States, state attorneys general, cities (state intervenors) in one document, and environmental groups (nongovernmental organization (NGO) intervenors) in another have asked the U.S. Court of Appeals for the D.C. Circuit to deny a motion from the EPA to hold cases challenging EPA’s Clean Power Plan (CPP) in abeyance while the Agency reviews the CPP in accordance with President Donald Trump’s Executive Order (EO), Promoting Energy Independence and Economic Growth.
Both groups of intervenors argue that EPA’s motion to suspend completion of judicial review until after the Agency completes its own review and issues a subsequent rule—which would likely rescind or heavily revise the CPP—is intended to delay the effectiveness of the CPP for an indefinite period even though the D.C. Circuit’s decision in the cases is “ripe for decision now.”
EPA cites judicial economy
In its motion, the EPA argues that the abeyance will provide the Agency the opportunity to fully review the CPP and respond in a manner consistent with the president’s EO.
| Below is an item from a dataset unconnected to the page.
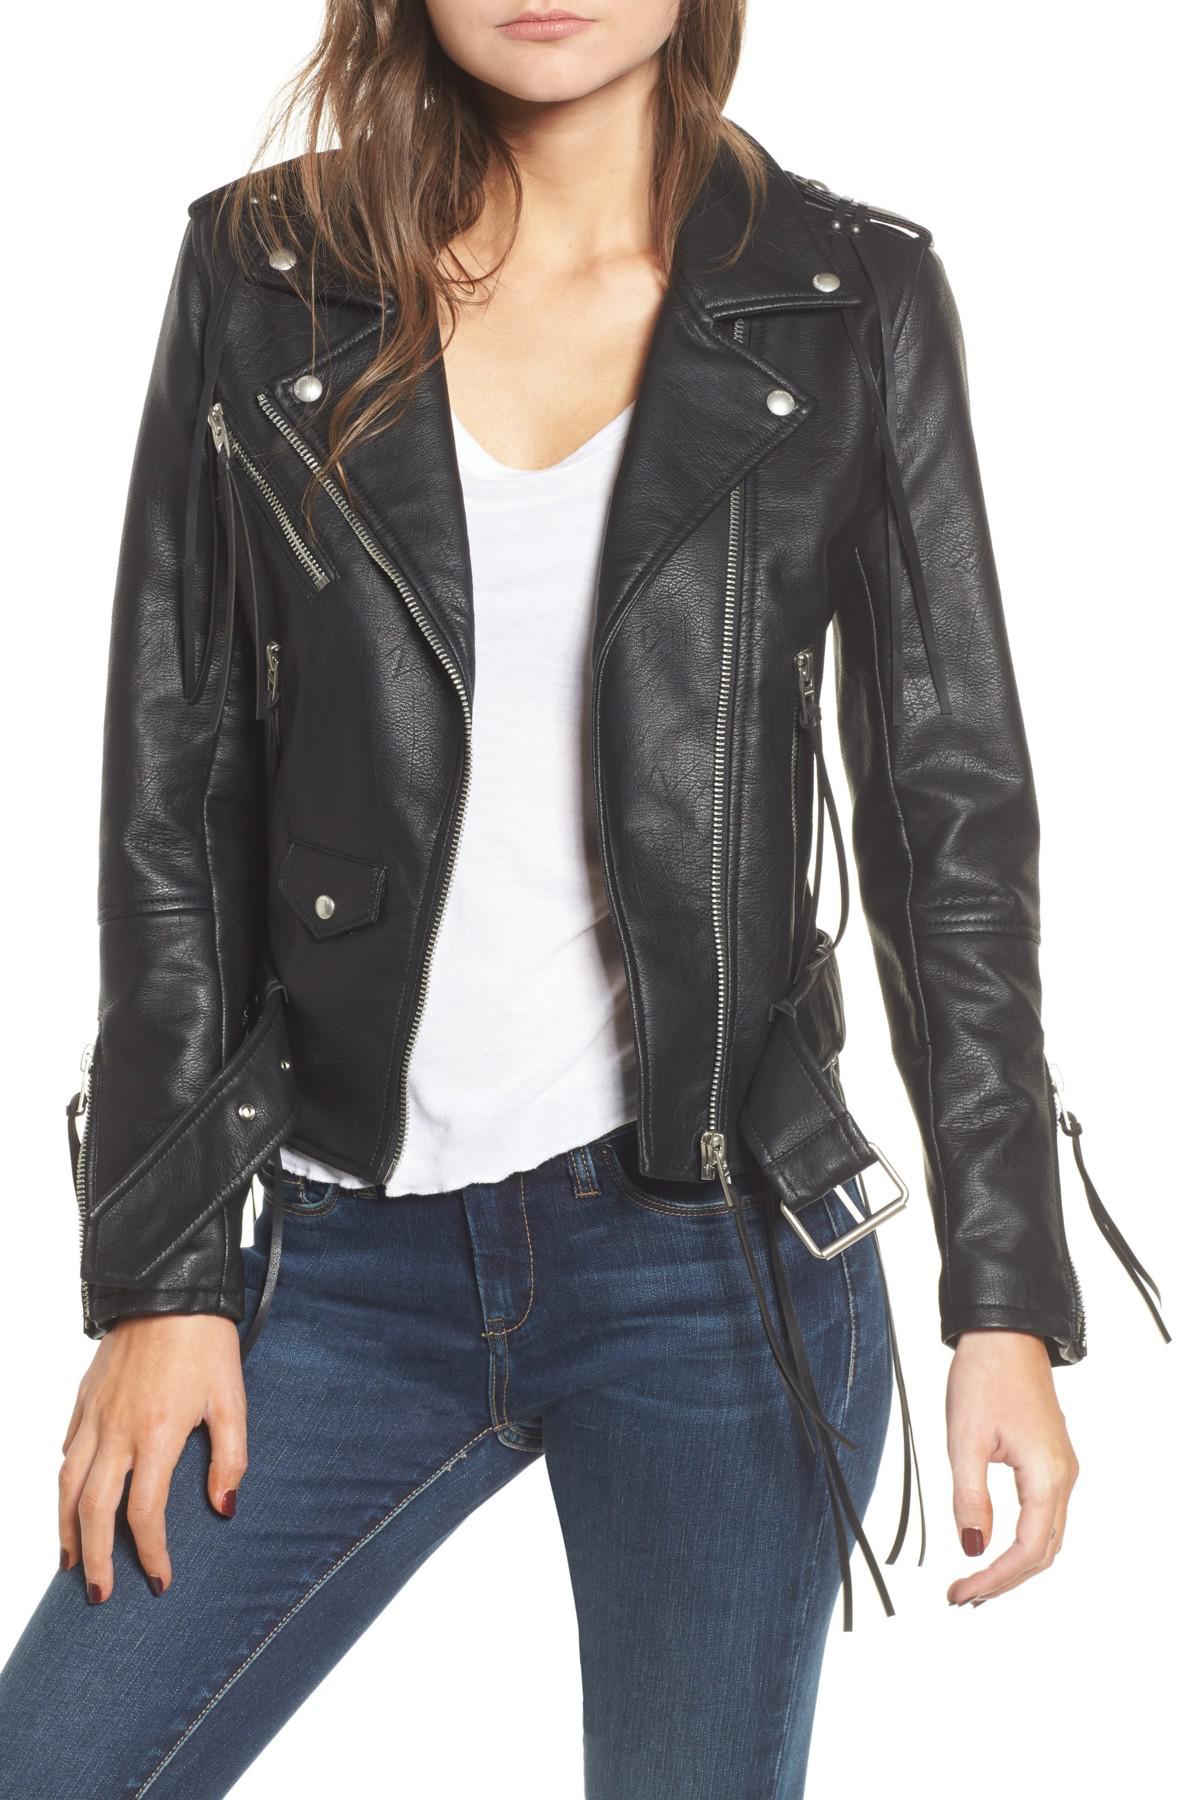 Lyst - Blank Nyc Faux Leather Tassel Moto Jacket in Black - Save 58%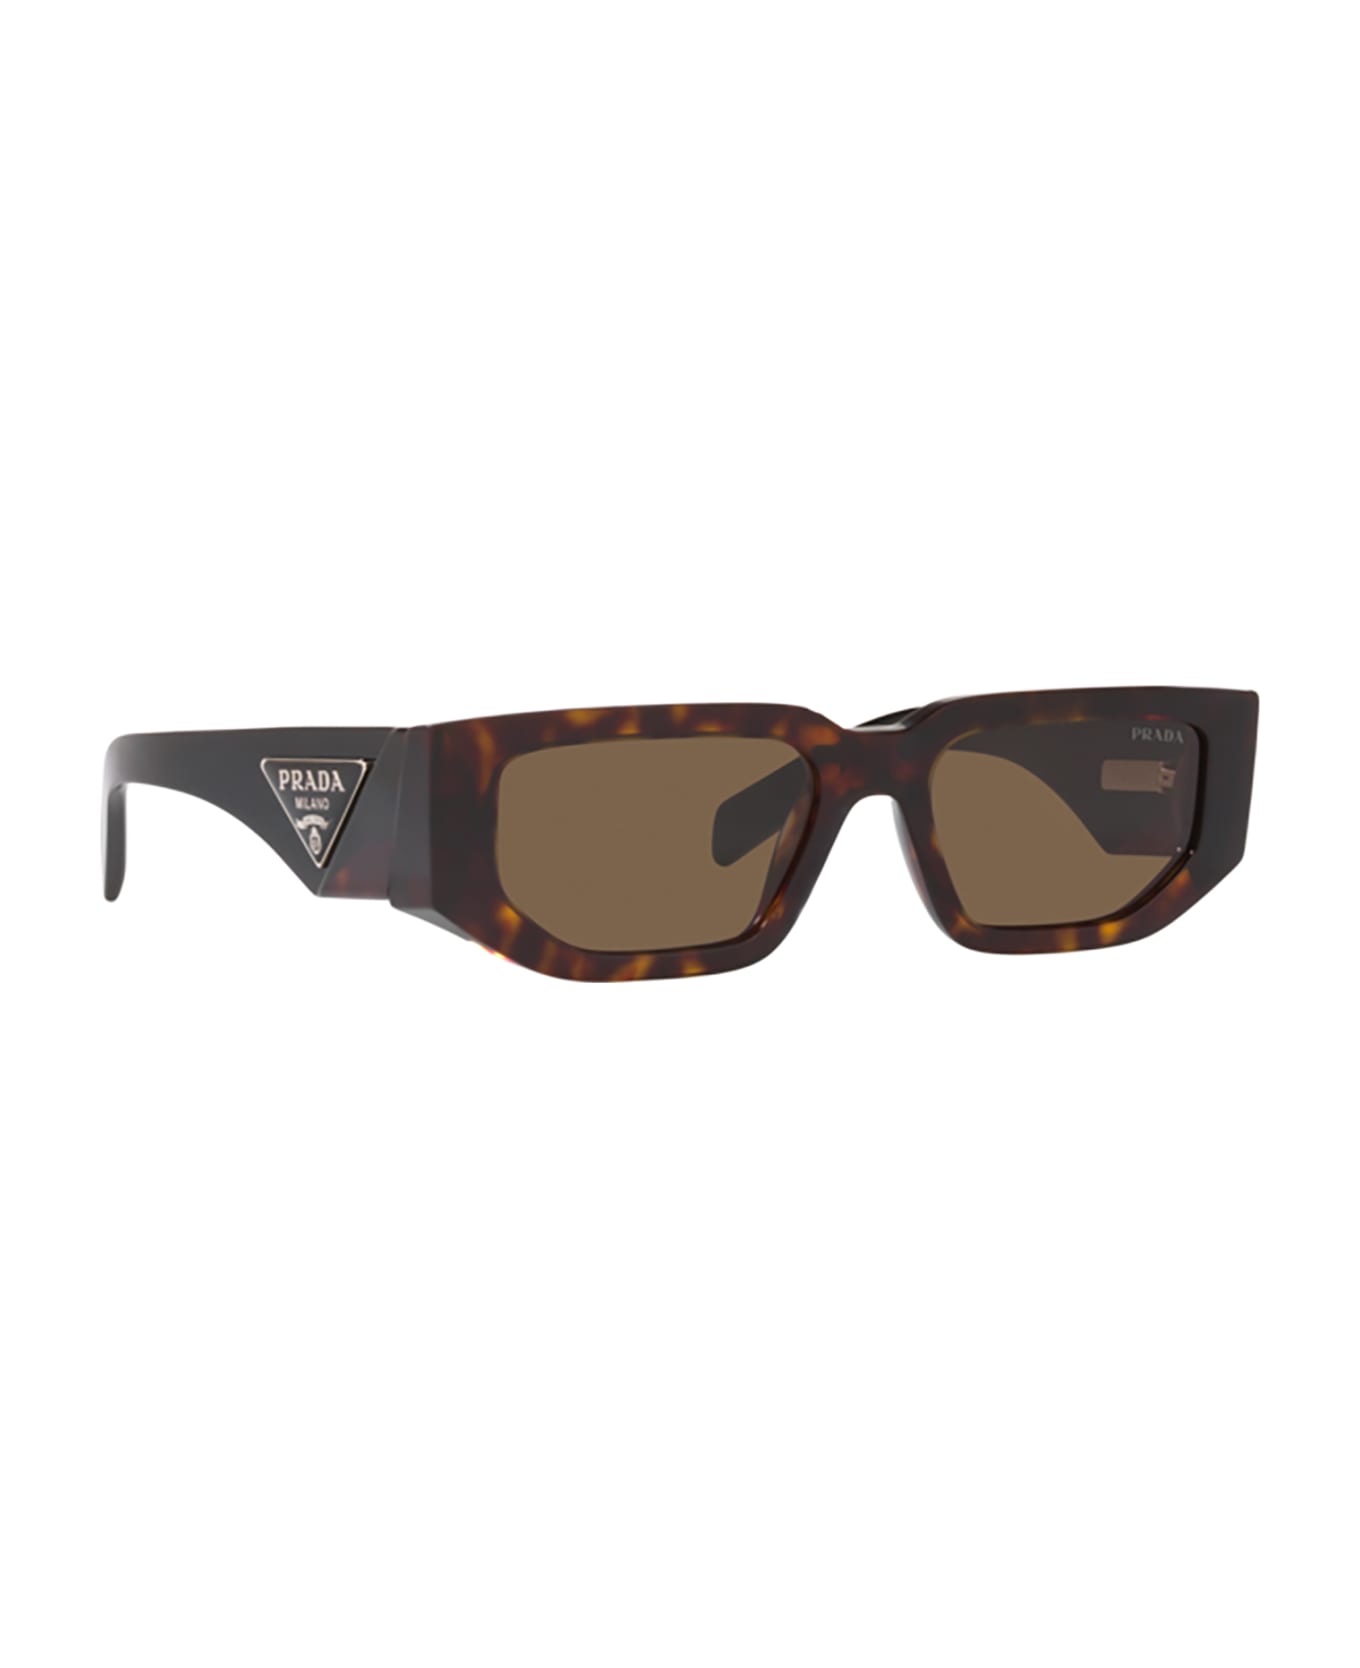 Prada Eyewear Pr 09zs Tortoise Sunglasses - Tortoise

“Such abeyance will promote judicial economy by avoiding unnecessary adjudication and will support the integrity of the administrative process,” says the EPA. “Because the Rule is under agency review and may be significantly modified or rescinded through further rulemaking in accordance with the Executive Order, holding this case in abeyance is the most efficient and logical course of action here. Abeyance will further the Court’s interests in avoiding unnecessary adjudication, support the integrity of the administrative process, and ensure due respect for the prerogative of the executive branch to reconsider the policy decisions of a prior Administration.”
States—Case is ripe for decision
State intervenors disagree, arguing:
“EPA fails to justify its unprecedented request for an open-ended abeyance at this late stage of litigation: more than six months after the en banc [DC]Court heard a full day of oral argument. This case is ripe for decision now, and nothing that EPA has proposed to do obviates the need for this Court’s review. To the contrary, a decision from this Court will resolve critical live disputes over the scope of the Clean Air Act [CAA] that will not only determine the enforcement of the Clean Power Plan, but also affect any reconsideration or revision of the Rule that EPA may undertake. By contrast, indefinitely deferring a decision here, as EPA requests, would waste the substantial resources already expended in this litigation by the parties and this Court. Moreover, granting EPA’s motion would prejudice State Intervenors’ longstanding and compelling interest in addressing the largest sources of pollution that is causing climate-change harms now.”
NGOs—Supreme Court flouted
In their brief, the NGO intervenors agree with that contention and add four other reasons why the request for a stay should be denied:
- The relief the EPA seeks flouts the terms of the order by which the Supreme Court temporarily stayed enforcement of the CPP. The Supreme Court did not invalidate the CPP. Rather, consistent with the authority granted courts by the Administrative Procedure Act (APA), it issued a stay pending a decision by the D.C. Circuit and an opportunity for Supreme Court review. The EPA wants the stay but not the judicial review that formed the basis for it. “Granting EPA’s motion would effectively convert that temporary enforcement relief pending judicial review into a long-term suspension of the Rule likely continuing for years, without any court having issued any decision on the Rule’s merits,” the NGO intervenors say.
- Abeyance would violate fundamental requirements of the CAA and the APA, which forbid agency suspensions of rules without notice and comment rulemaking and a reasoned explanation.
- Abeyance would severely prejudice the public health and NGO intervenors, who—for over a decade—have sought to have the EPA issue standards to limit climate-destabilizing and health-endangering emissions of carbon dioxide (CO2) from power plants. If abeyance is granted, the planned regulatory review and possible new rulemaking proceedings presage, at a minimum, a long delay before any reductions in these emissions are required and implemented, leaving no regulatory protections in place.
- Rejecting the motion and deciding the current case would in no way interfere with EPA’s “opportunity to fully review the Clean Power Plan,” and to conduct a new rulemaking if it so chooses.
Will EPA defend the CPP?
If the D.C. Circuit refuses to grant an abeyance and does issue a decision, the Trump EPA may be put into the position of having to defend the CPP should the Supreme Court agree to hear the case. That possibility seems unlikely, but not to the NGO intervenors.
“That EPA’s attorneys may have to defend the current Rule while the agency considers potential alternative policies is not an extraordinary situation; rather it reflects the rule of law and the way our governmental system works,” say the NGO intervenors.